▶ [Data below]
[Start of section]

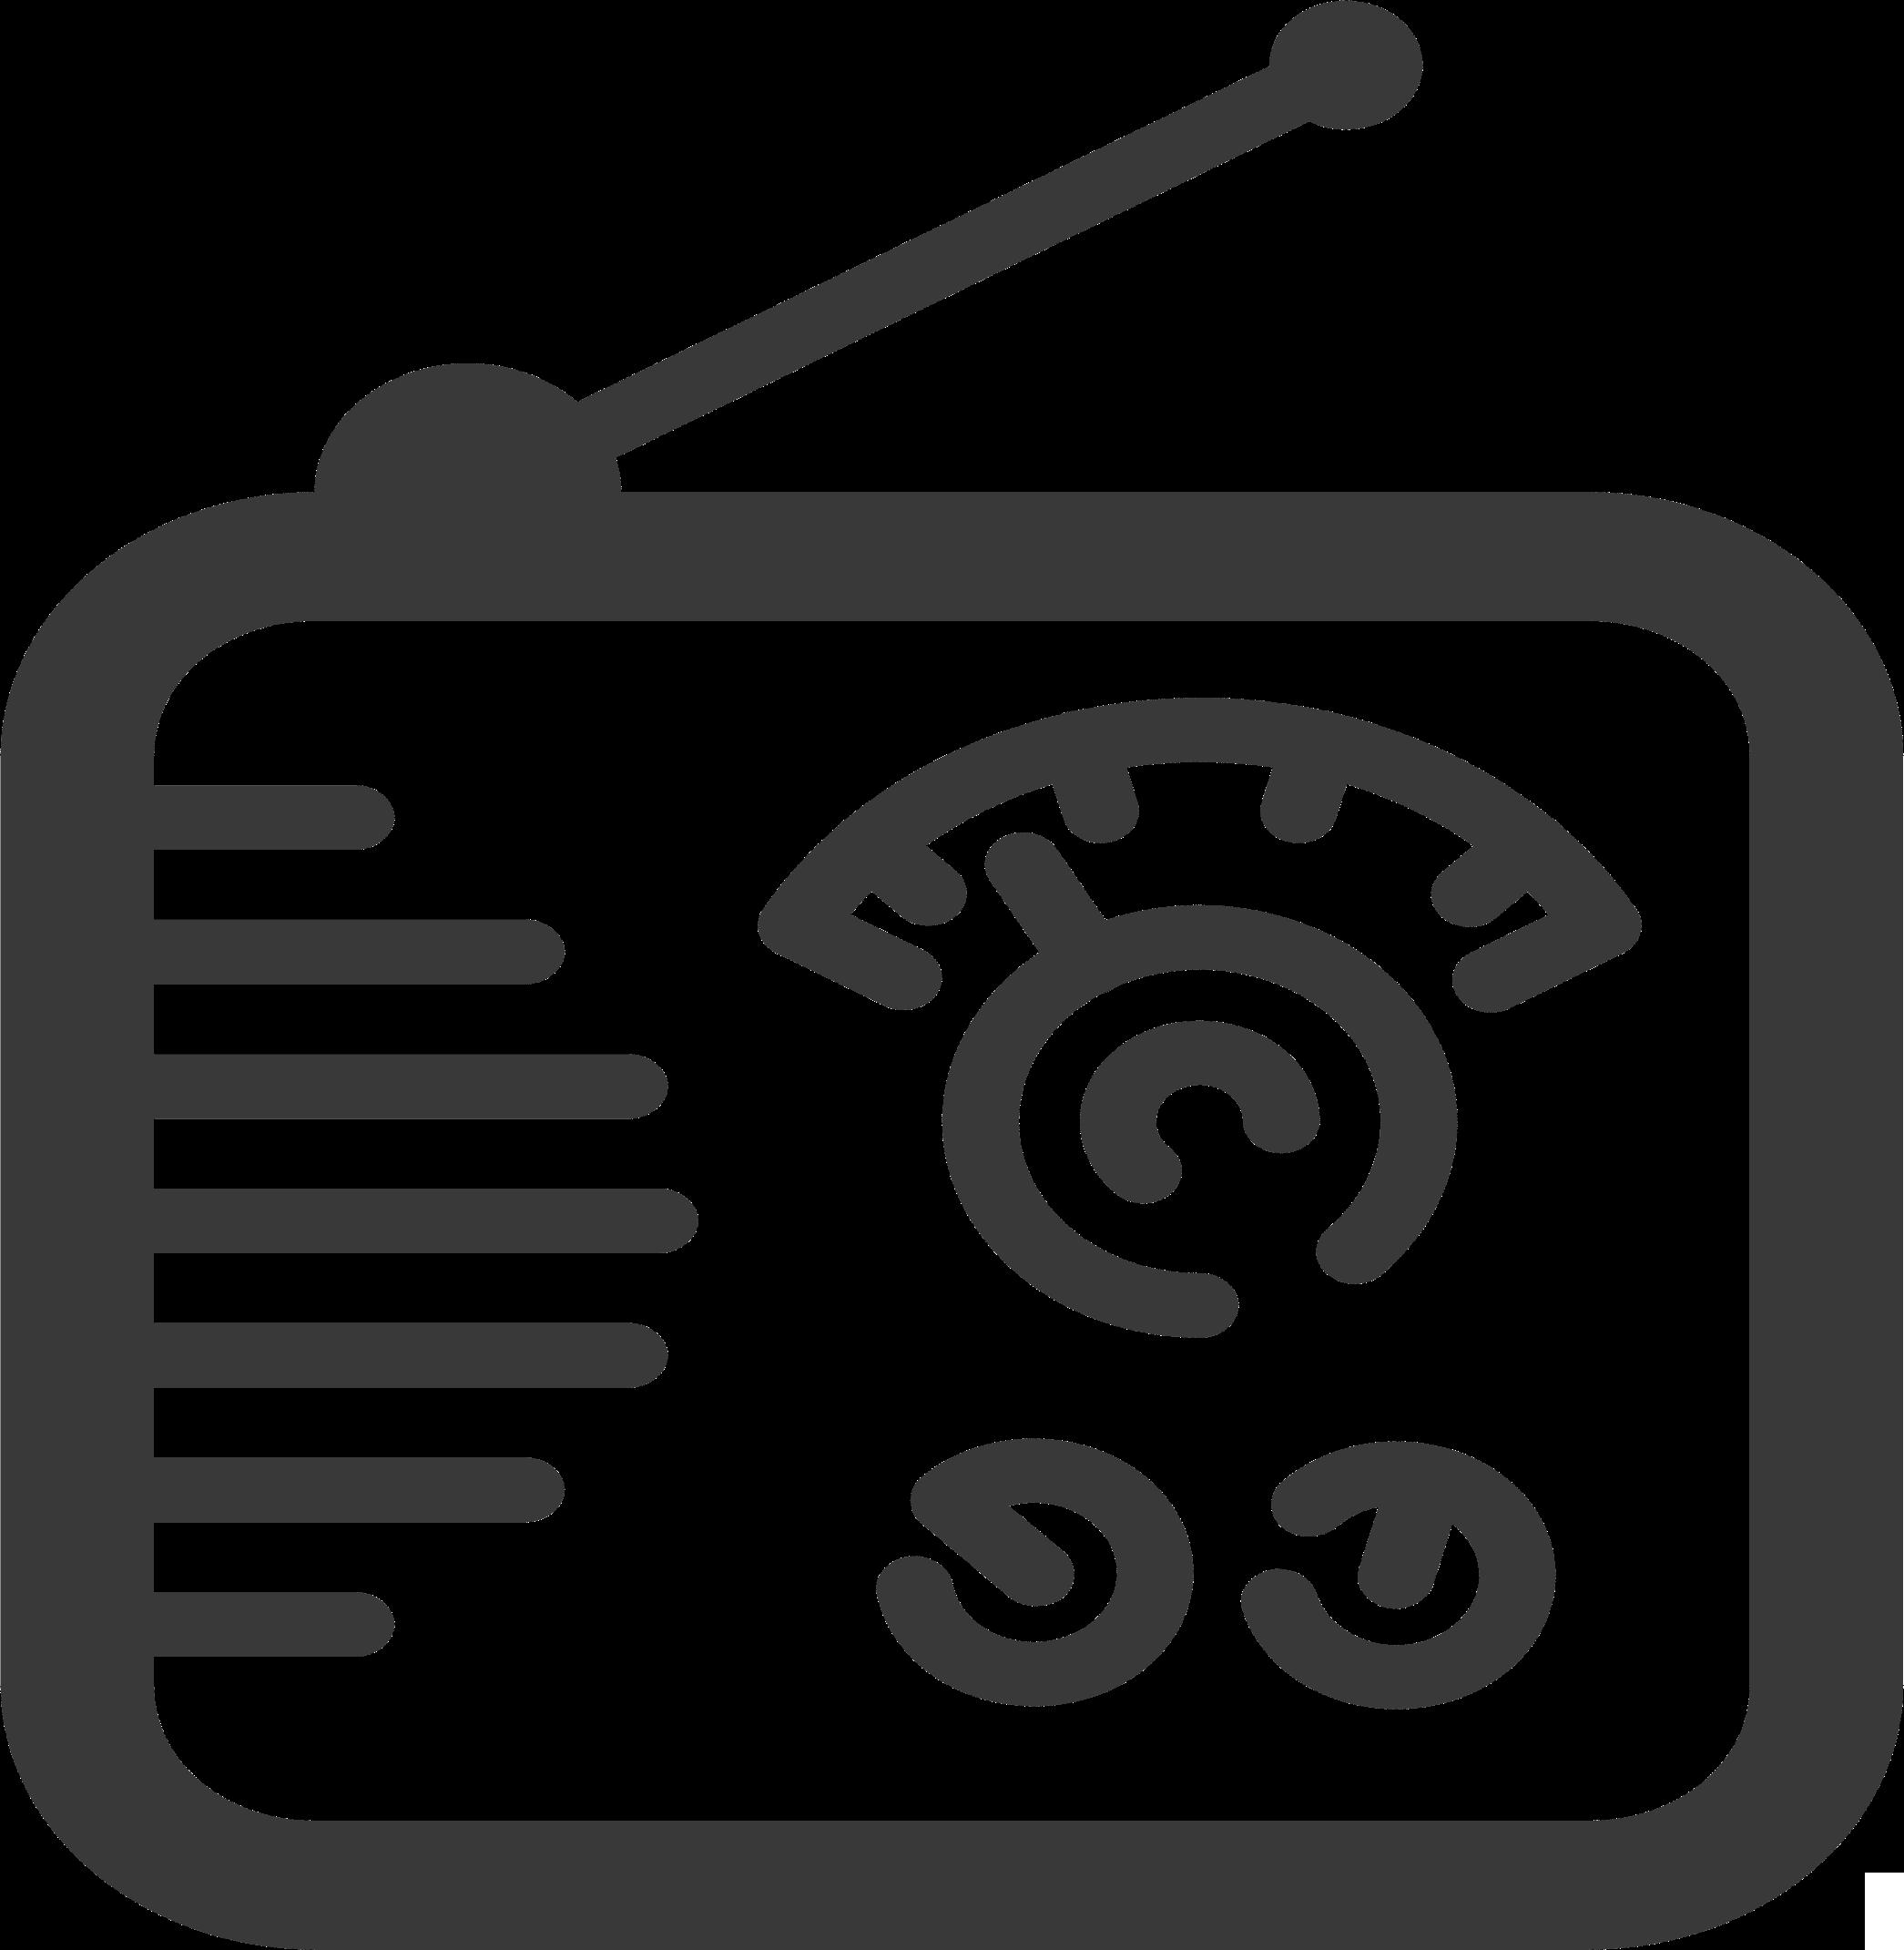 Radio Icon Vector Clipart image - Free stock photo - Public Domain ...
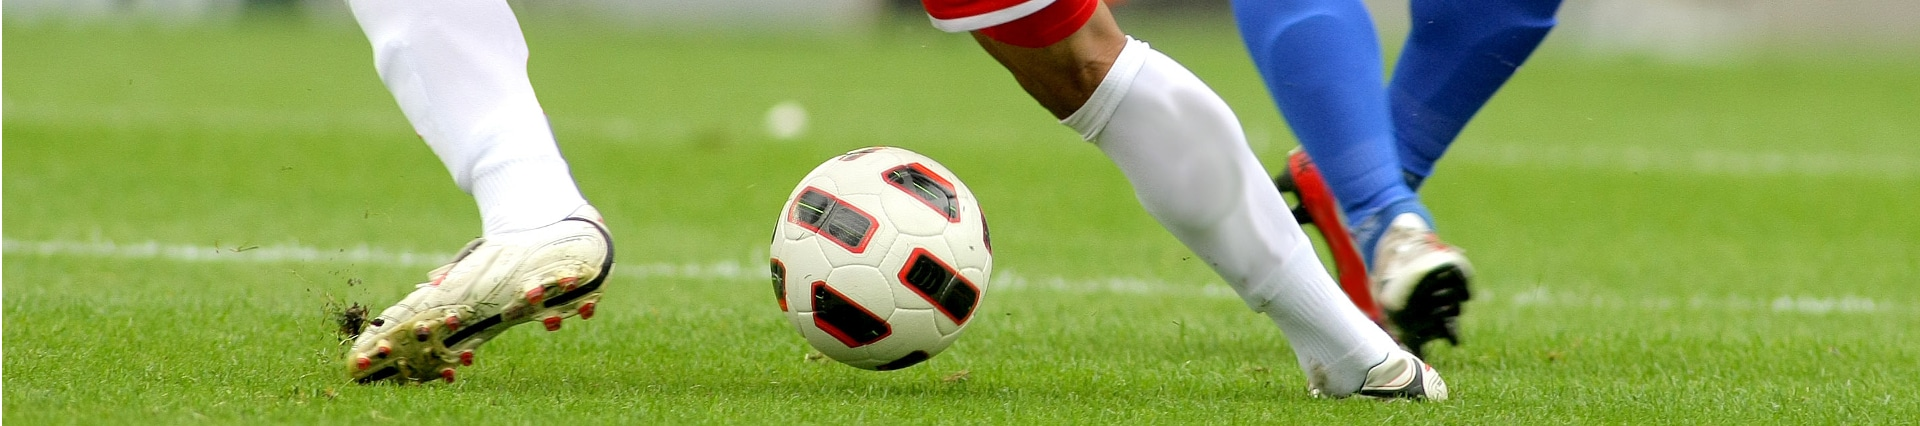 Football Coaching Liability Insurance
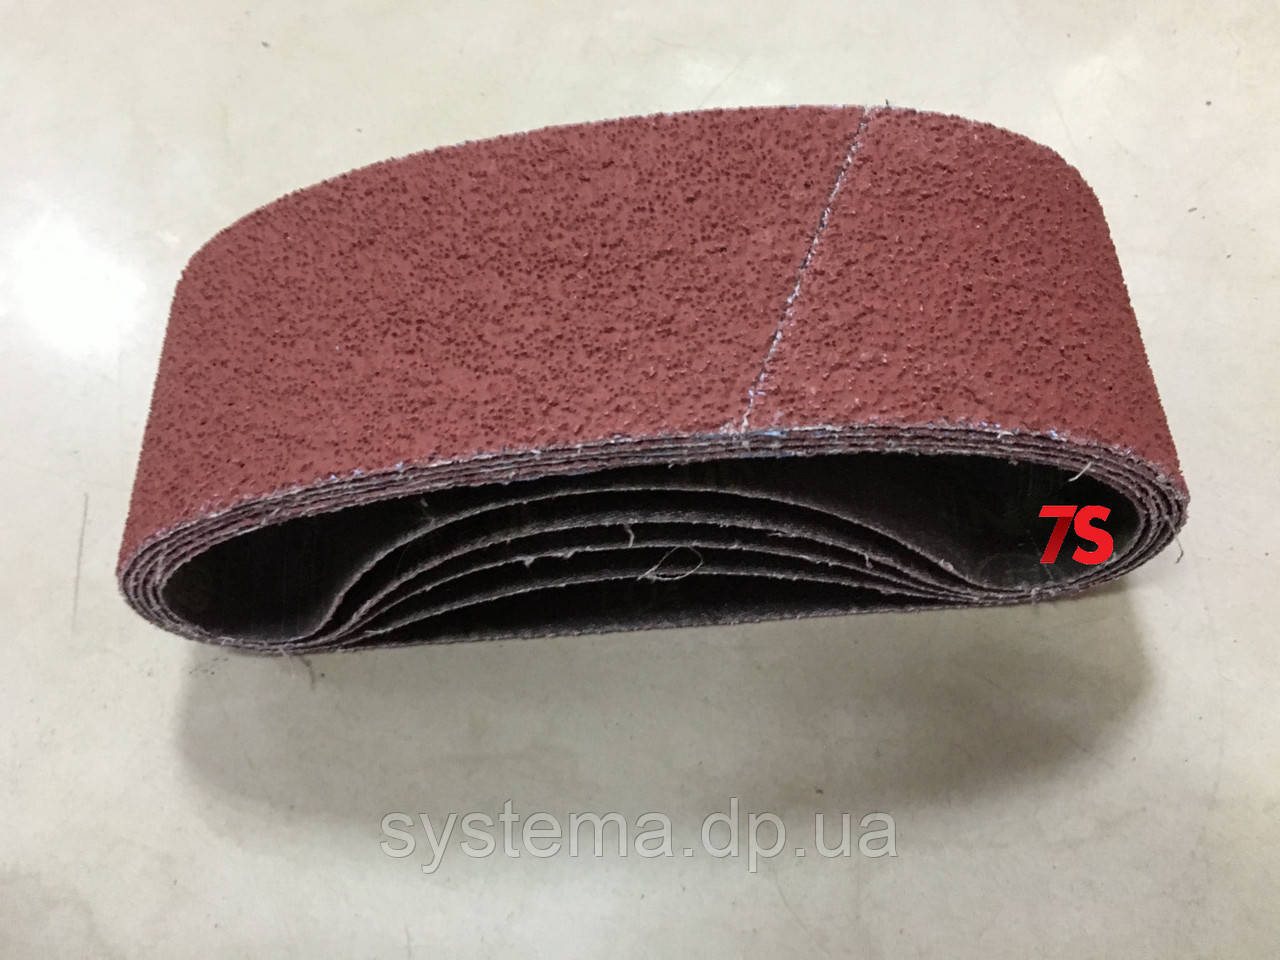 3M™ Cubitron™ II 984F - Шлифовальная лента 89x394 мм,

[End of section]

▶ [Work task]
Repeat the listing in full and exactly. Do not include any images.

▶ [Your response]
 Radio Icon Vector Clipart image - Free stock photo - Public Domain ...
 Football Coaching Liability Insurance
 3M™ Cubitron™ II 984F - Шлифовальная лента 89x394 мм,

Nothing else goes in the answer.